===== SUPPLIED INFORMATION =====
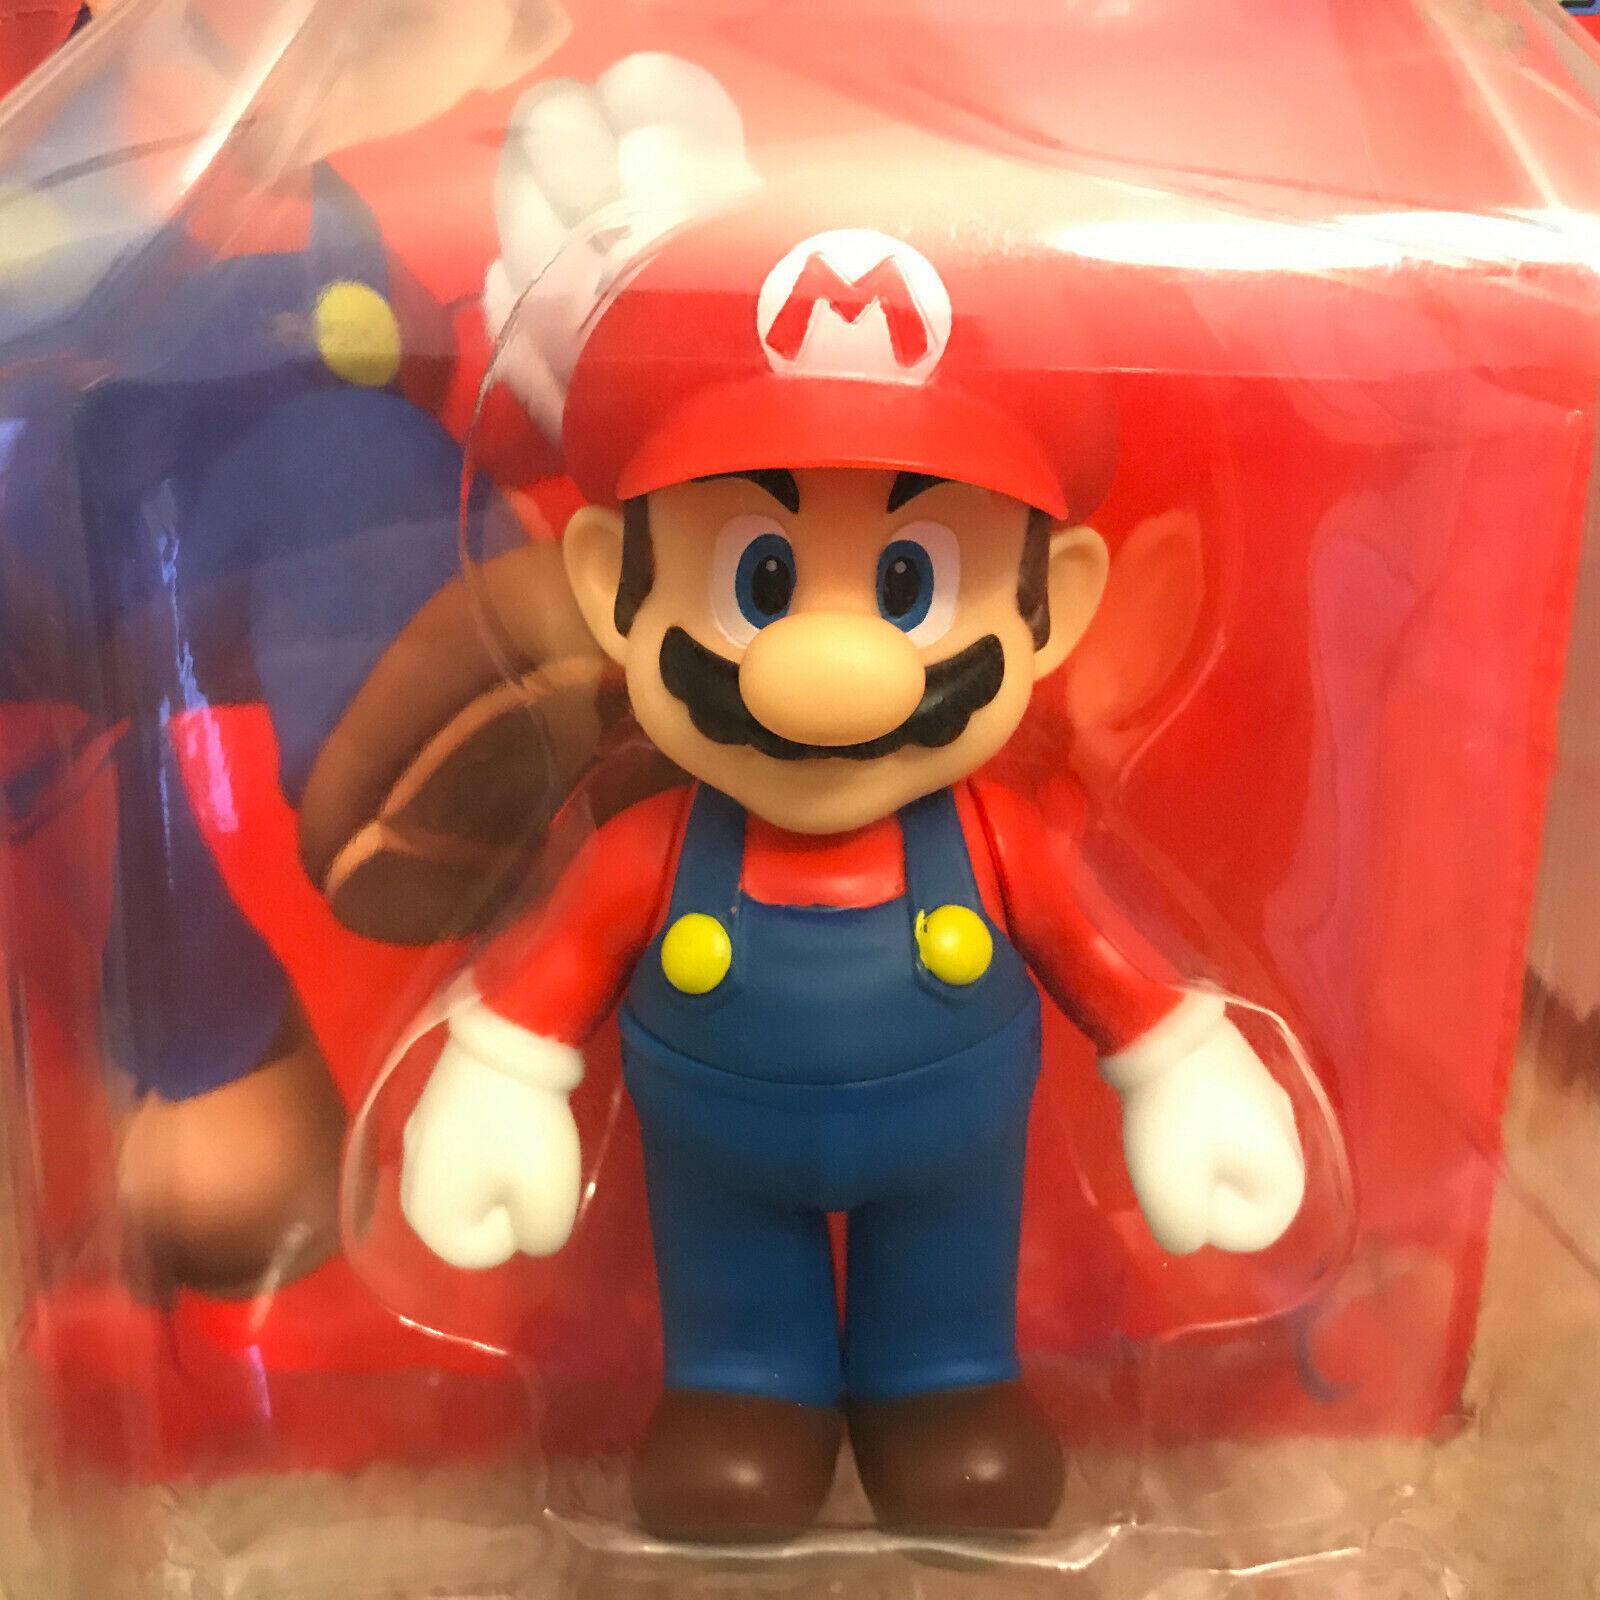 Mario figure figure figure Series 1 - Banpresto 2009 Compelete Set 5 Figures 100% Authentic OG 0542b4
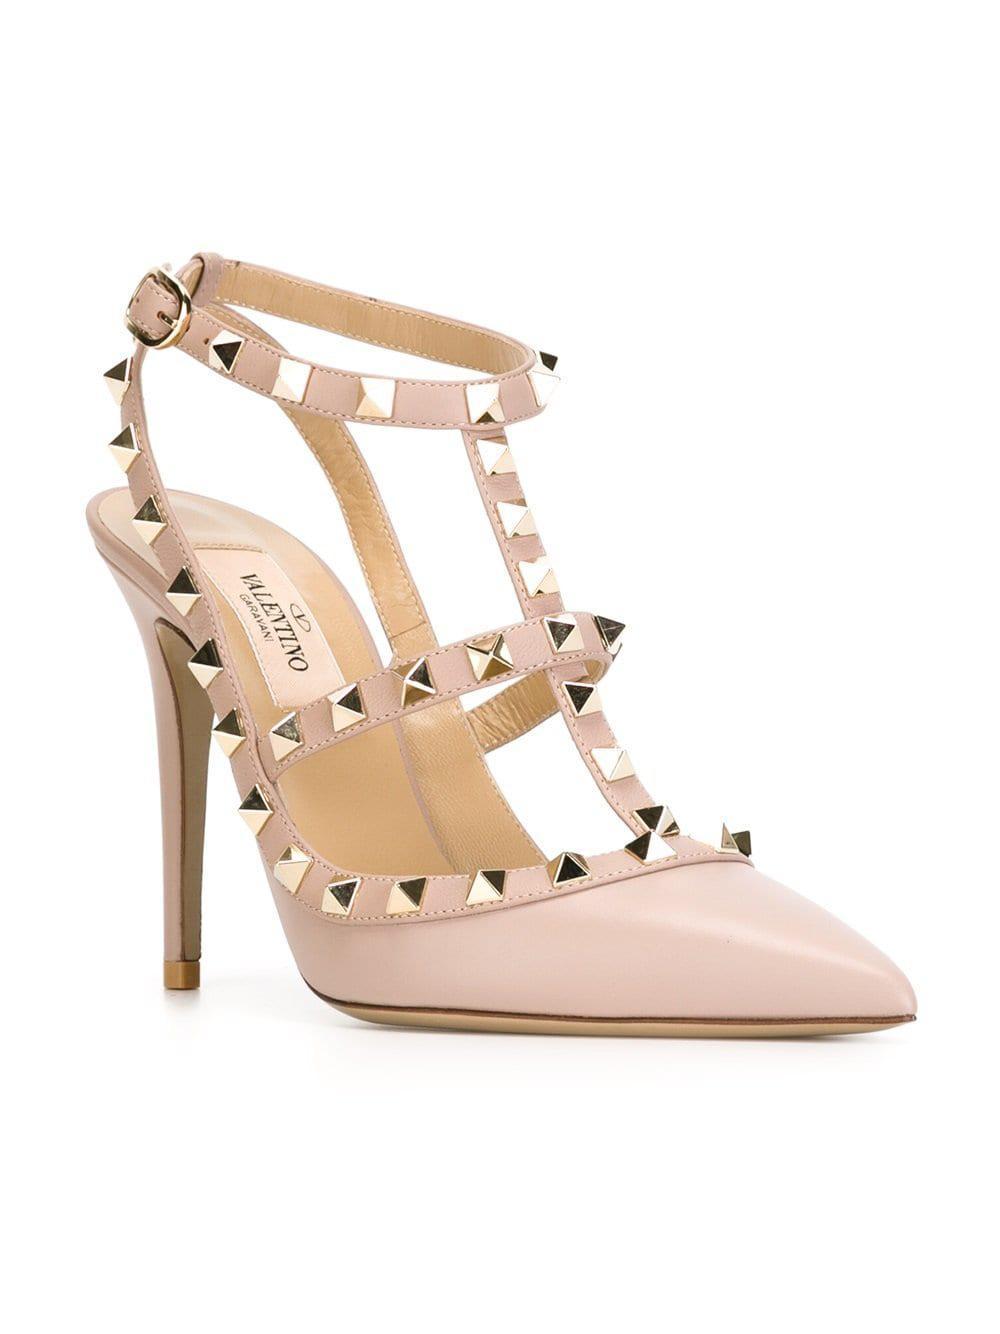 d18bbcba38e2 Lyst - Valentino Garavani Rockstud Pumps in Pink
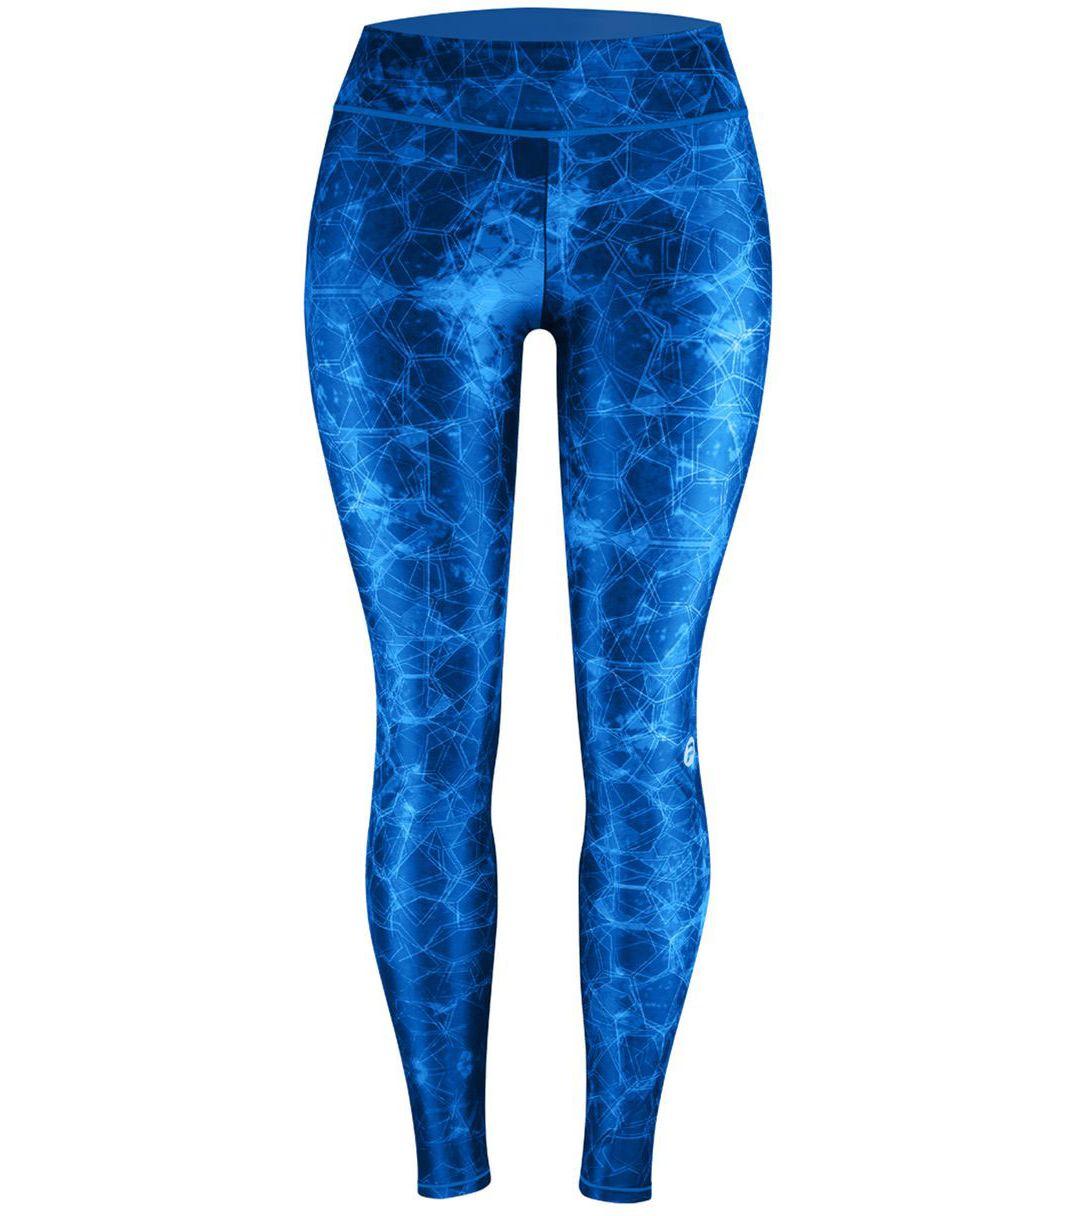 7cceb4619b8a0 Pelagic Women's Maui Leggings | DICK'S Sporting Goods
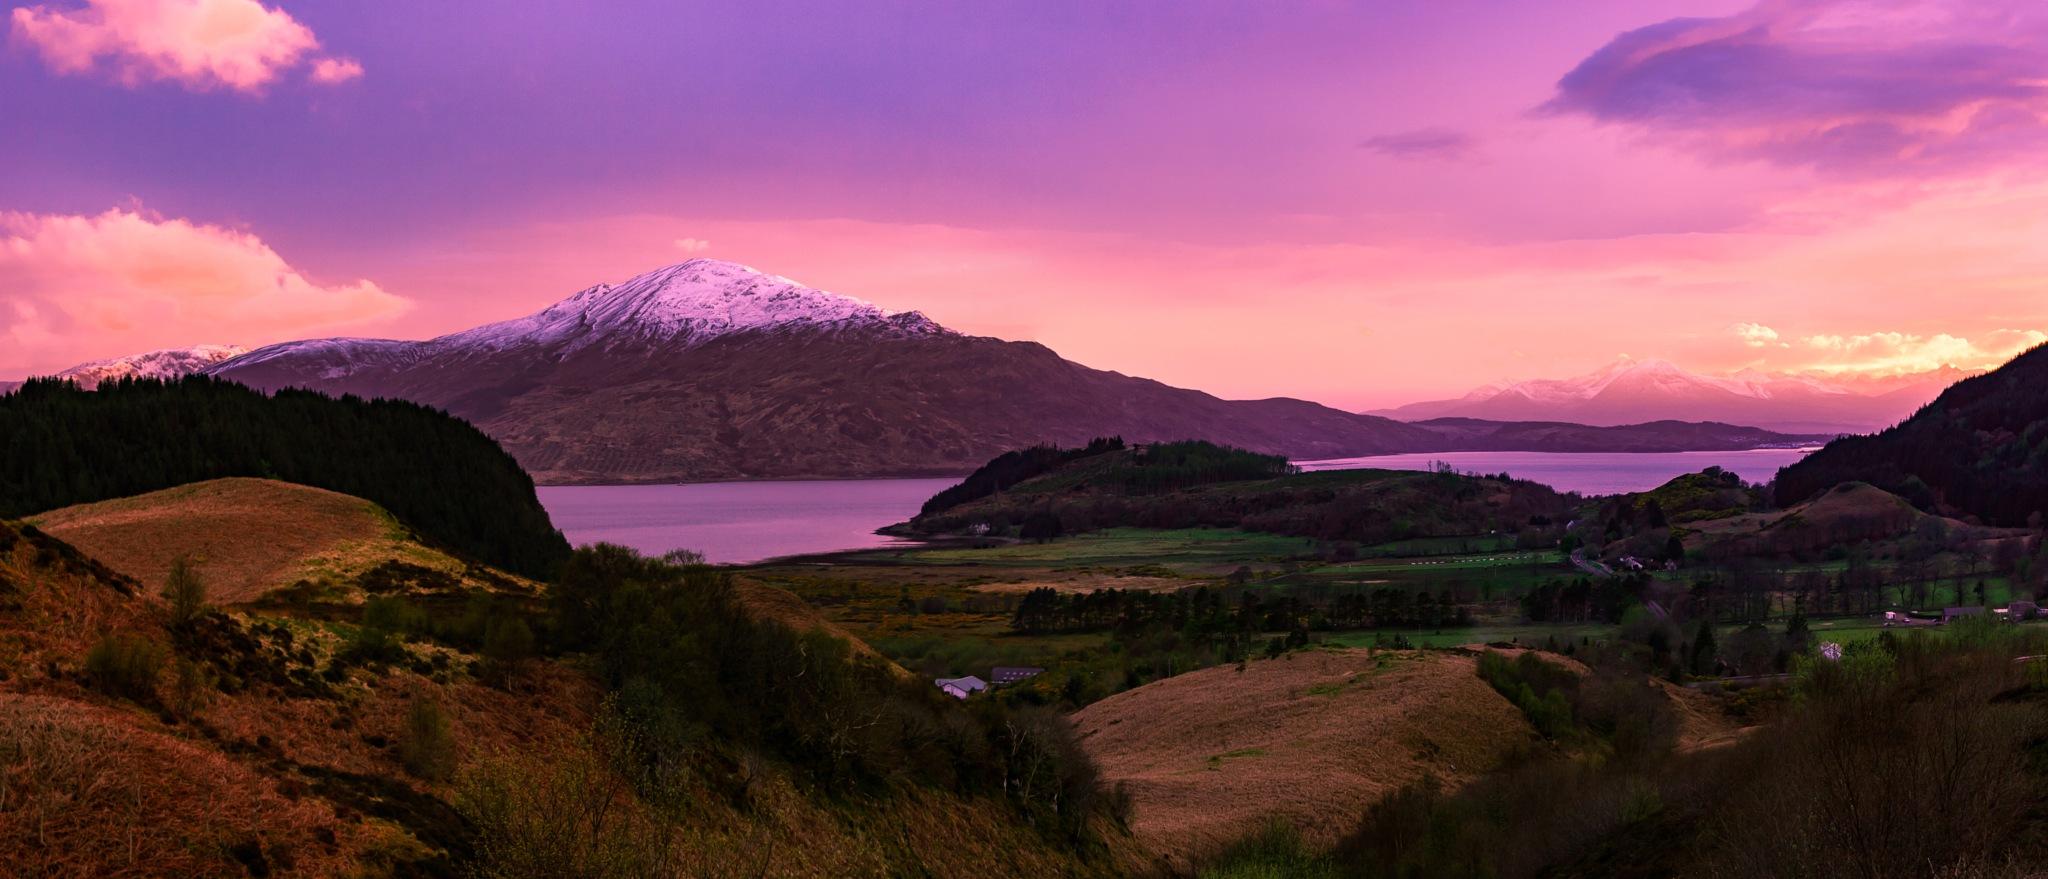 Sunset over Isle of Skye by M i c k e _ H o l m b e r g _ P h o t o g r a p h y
=====
■ **PROBLEM STATEMENT**: Please reproduce the material above word for word, without its images.

■ **SOLUTION FOR THIS EXERCISE**:
 Mario figure figure figure Series 1 - Banpresto 2009 Compelete Set 5 Figures 100% Authentic OG 0542b4
 d18bbcba38e2 Lyst - Valentino Garavani Rockstud Pumps in Pink
 7cceb4619b8a0 Pelagic Women's Maui Leggings | DICK'S Sporting Goods
 Sunset over Isle of Skye by M i c k e _ H o l m b e r g _ P h o t o g r a p h y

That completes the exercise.